The End of the Tour: A Thoughtful Art Film

In the story of a journalist's interview with author David Foster Wallace, even post-moderns get the blues.

When David Foster Wallace’s 1,079-page novel Infinite Jest was published in 1996, it immediately became a cause-célèbre, with reviewers calling it everything from the Great American Novel to an over-elaborated “endless joke.” One thing everyone could agree on was that Wallace’s best-selling sci-fi genre epic was a force to be reckoned with. Magazine and newspaper book sections overflowed with hyperbole about the book and its author. The more publicity-shunning he seemed, the more tantalizing a subject to be poked and prodded.

In James Ponsoldt’s narrative drama The End of the Tour, that combination of heat and elusiveness convinces Rolling Stone reporter David Lipsky (Jesse Eisenberg) to wangle the assignment of profiling author Wallace (Jason Segel), who lives with his two dogs in a modest house in Normal, Illinois and teaches English lit at the state university. The two men spend five days together, during which Wallace finishes up a public-appearance tour with a trip to Minneapolis. They talk, Lipsky tape-records and scribbles notes, and we listen in. Not much else happens, so everything depends on the actors and playwright Donald Margulies’ screenplay, based on Lipsky’s book Although of Course You End Up Becoming Yourself.

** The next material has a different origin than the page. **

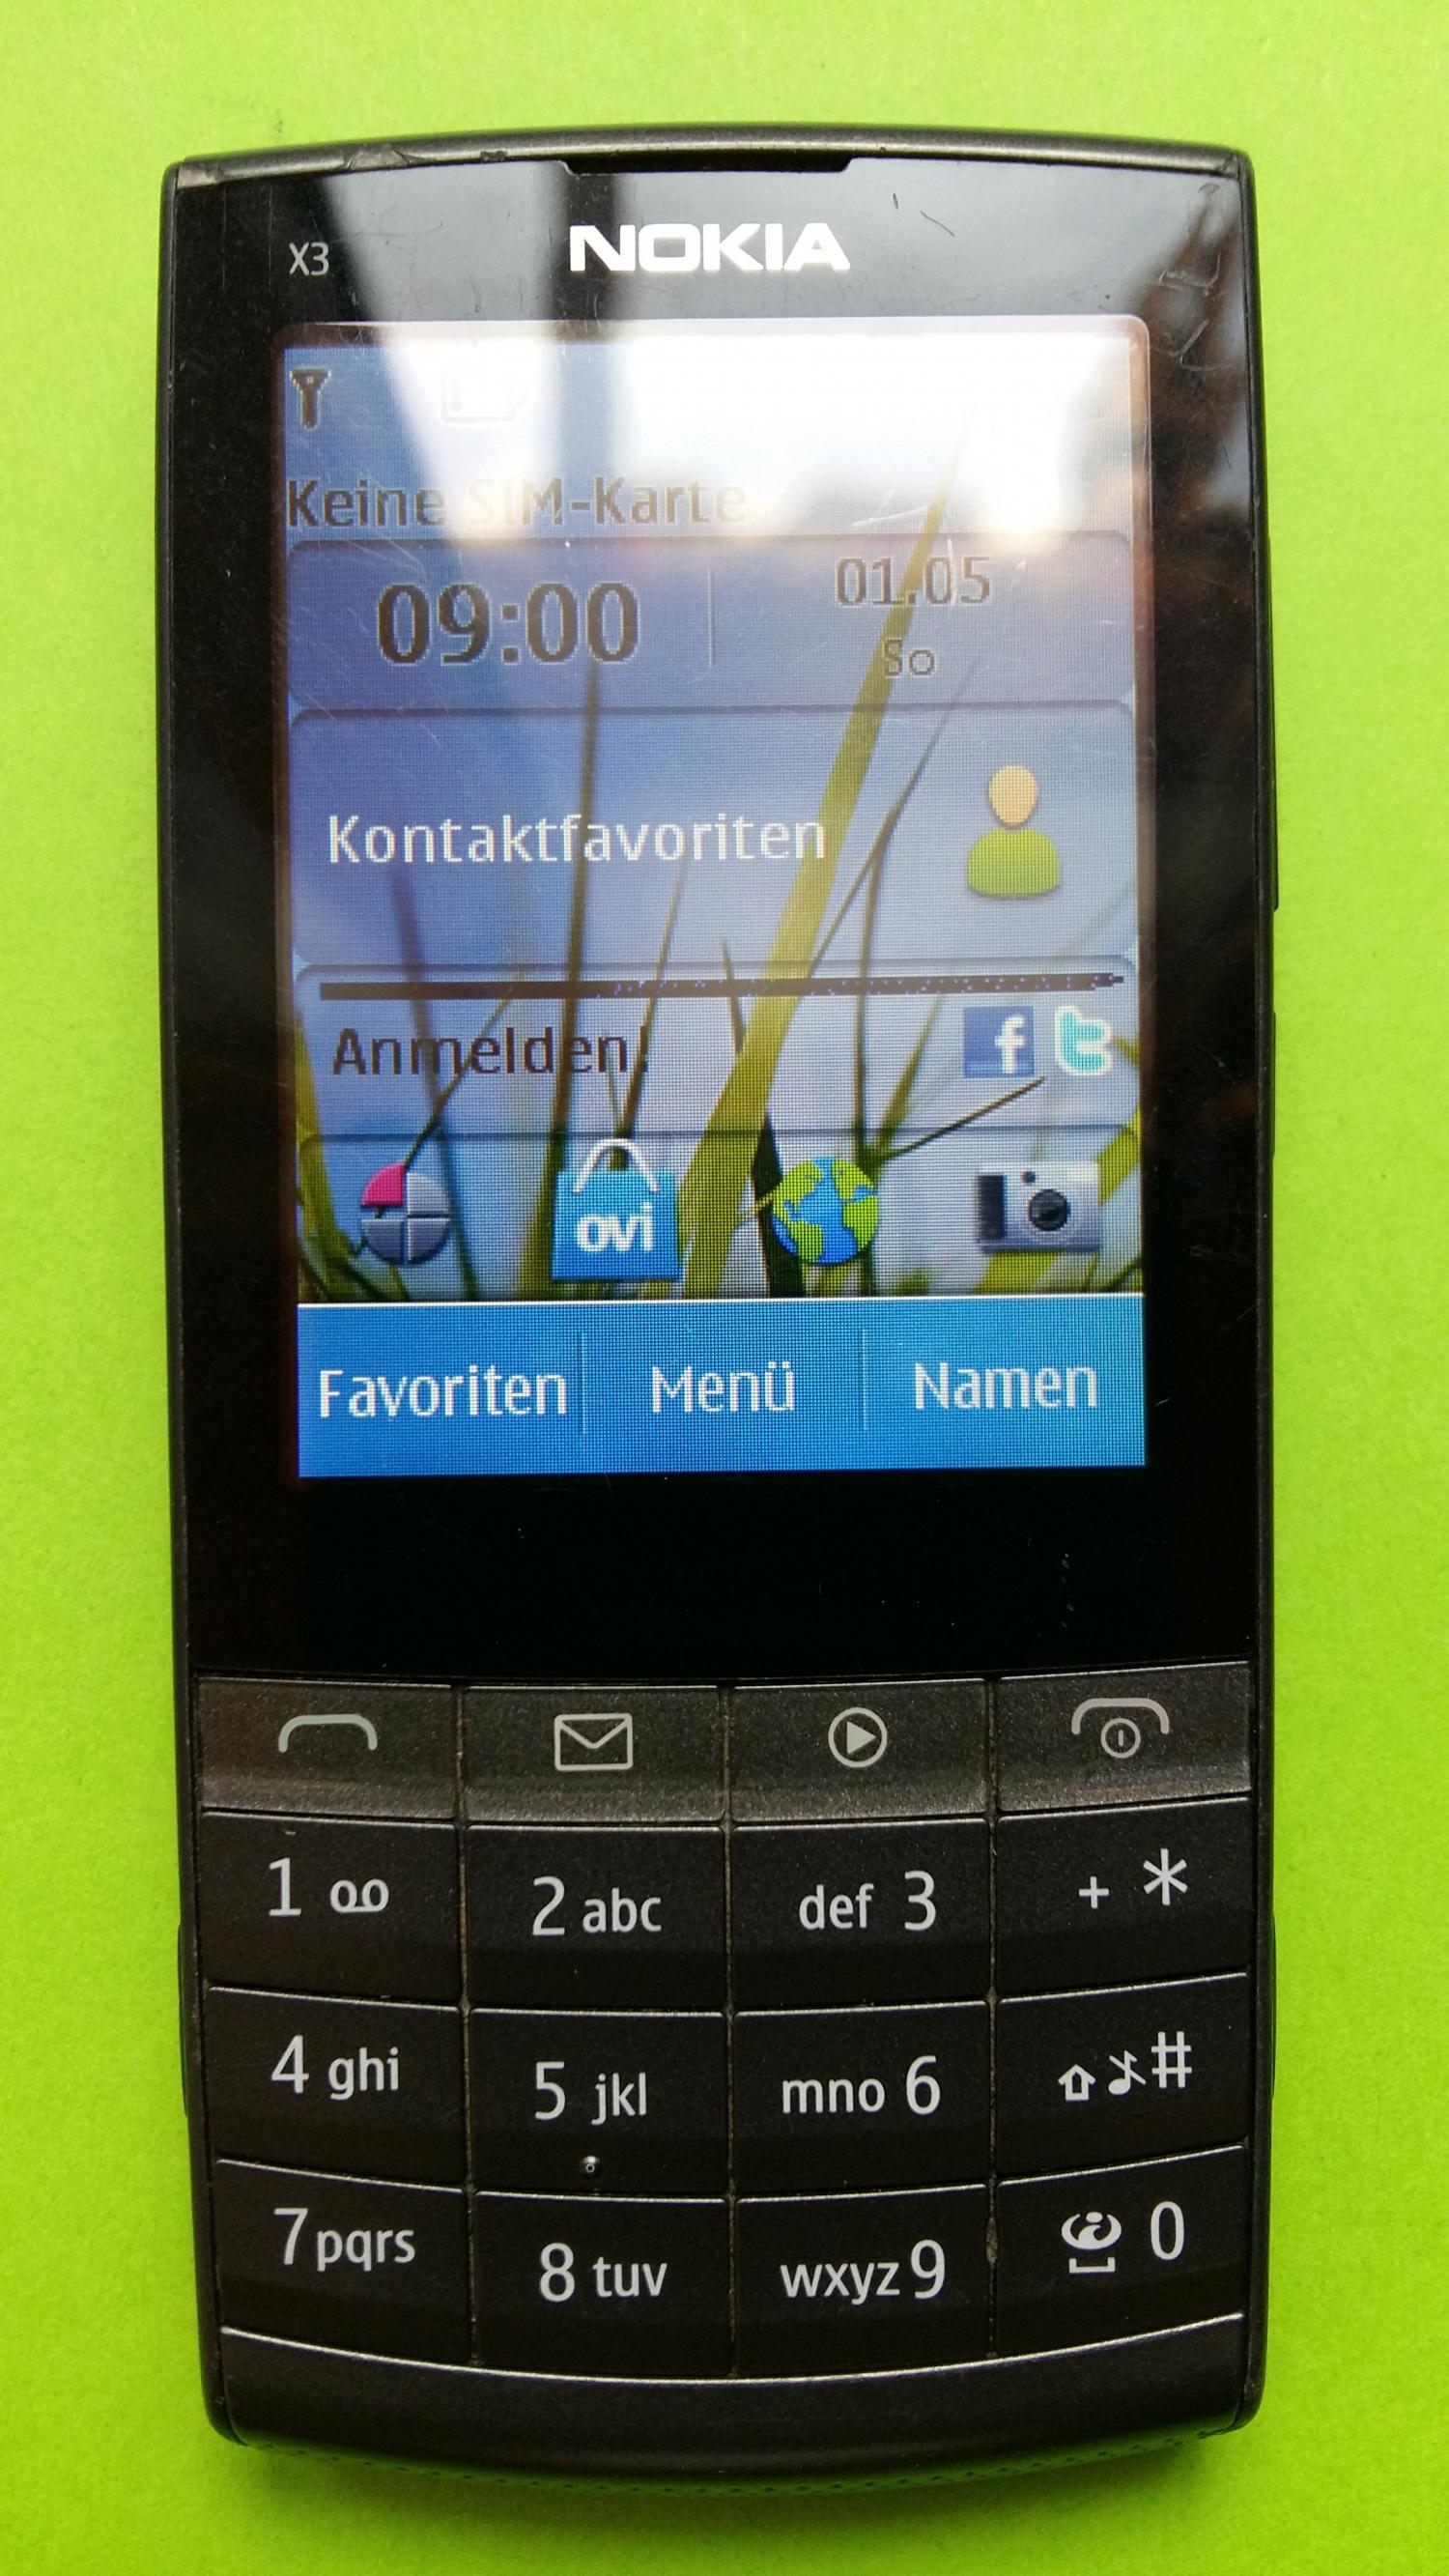 image-7299909-Nokia X3-02 (1)1.jpg
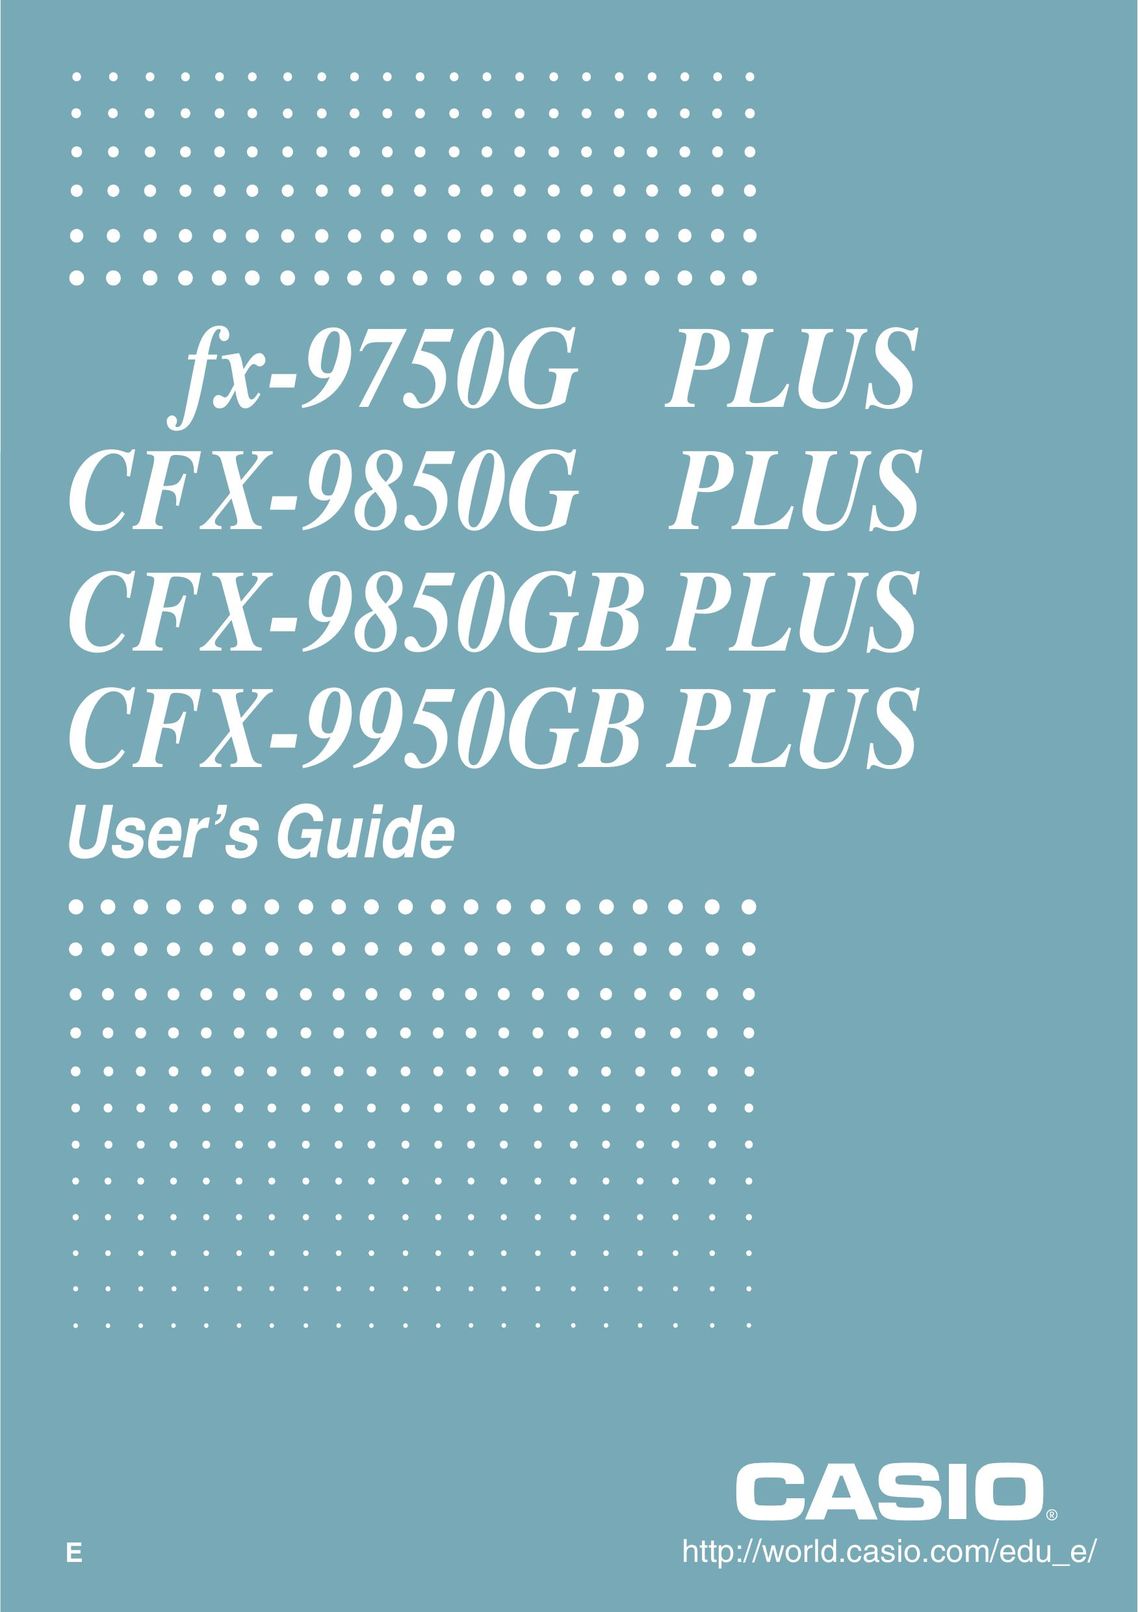 Casio CFX-9950GB PLUS Calculator User Manual

Eisenberg plays Lipsky in three-quarters Social Network mode, with the twitchy, wildly self-conscious, suppressed sensitivity we would expect from a disappointed novelist (meekly, he brings his obscure first book as a gift) sent to further immortalize a writer not much older than himself. Lipsky does his snooping surreptitiously, while creeping up on the sensational stuff — drug use, suicide attempts, etc. — that his editor demands, but the Stockholm Syndrome sets in. After sleeping with Wallace’s slobbering hounds and wolfing down junk food in front of TV shows, Lipsky loosens up and relates to Wallace in a wary facsimile of the dorm-room camaraderie literary folks always seem to rely on in movies. Meaning the annoyance gives way to grudging admiration.

But it’s not really Eisenberg’s show. As hulking everyman-turned-intellectual-hottie Wallace, his head wrapped in a redneck-bandana conk rag over stringy hair that makes him resemble Gérard Depardieu’s younger brother, former Judd Apatow funnyman Segel gets a chance to sit in a room and mock-free-associate. It’s the best role he’s ever had. The literary lion turns out to be a pussycat, with his Alanis Morrissette crush, his soda and candy habit, and his jealousy over Lipsky’s flirting with an ex-girlfriend (Mickey Sumner). “I treasure my regular-guy-ness,” Wallace assures Lipsky. At the same time, Wallace takes his sadness out for long walks. By way of reassurance, he tells his would-be Boswell, “I’m not so sure you want to be me.” And we believe him completely.

The poignancy of Wallace and Lipsky’s academic soul-baring — the magazine article got spiked, Wallace hanged himself in 2008 — is undercut a bit for those of us who never got around to reading Infinite Jest, and that’s unfair. It should not be necessary to have read the book on which a movie is based, or in this case referenced. A film should be able to stand on its cinematic elements alone. After all, no one cares whether the book that inspires a movie is a masterpiece of world literature — we just want to know if Greta Garbo is going to throw herself under the train in the last reel.

Segel, Eisenberg, Margulies, and Ponsoldt see to it that their chamber piece is more than a tour d’ennui. If Wallace’s best known work never gets closer than this to a movie deal, his fans can at least console themselves that what might have been a wet noodle of a character study or a lowbrow road trip magicked into something like a thoughtful art film about two lonely guys shooting the bull in a ranch house beside a frozen wheat field. Even post-moderns get the blues.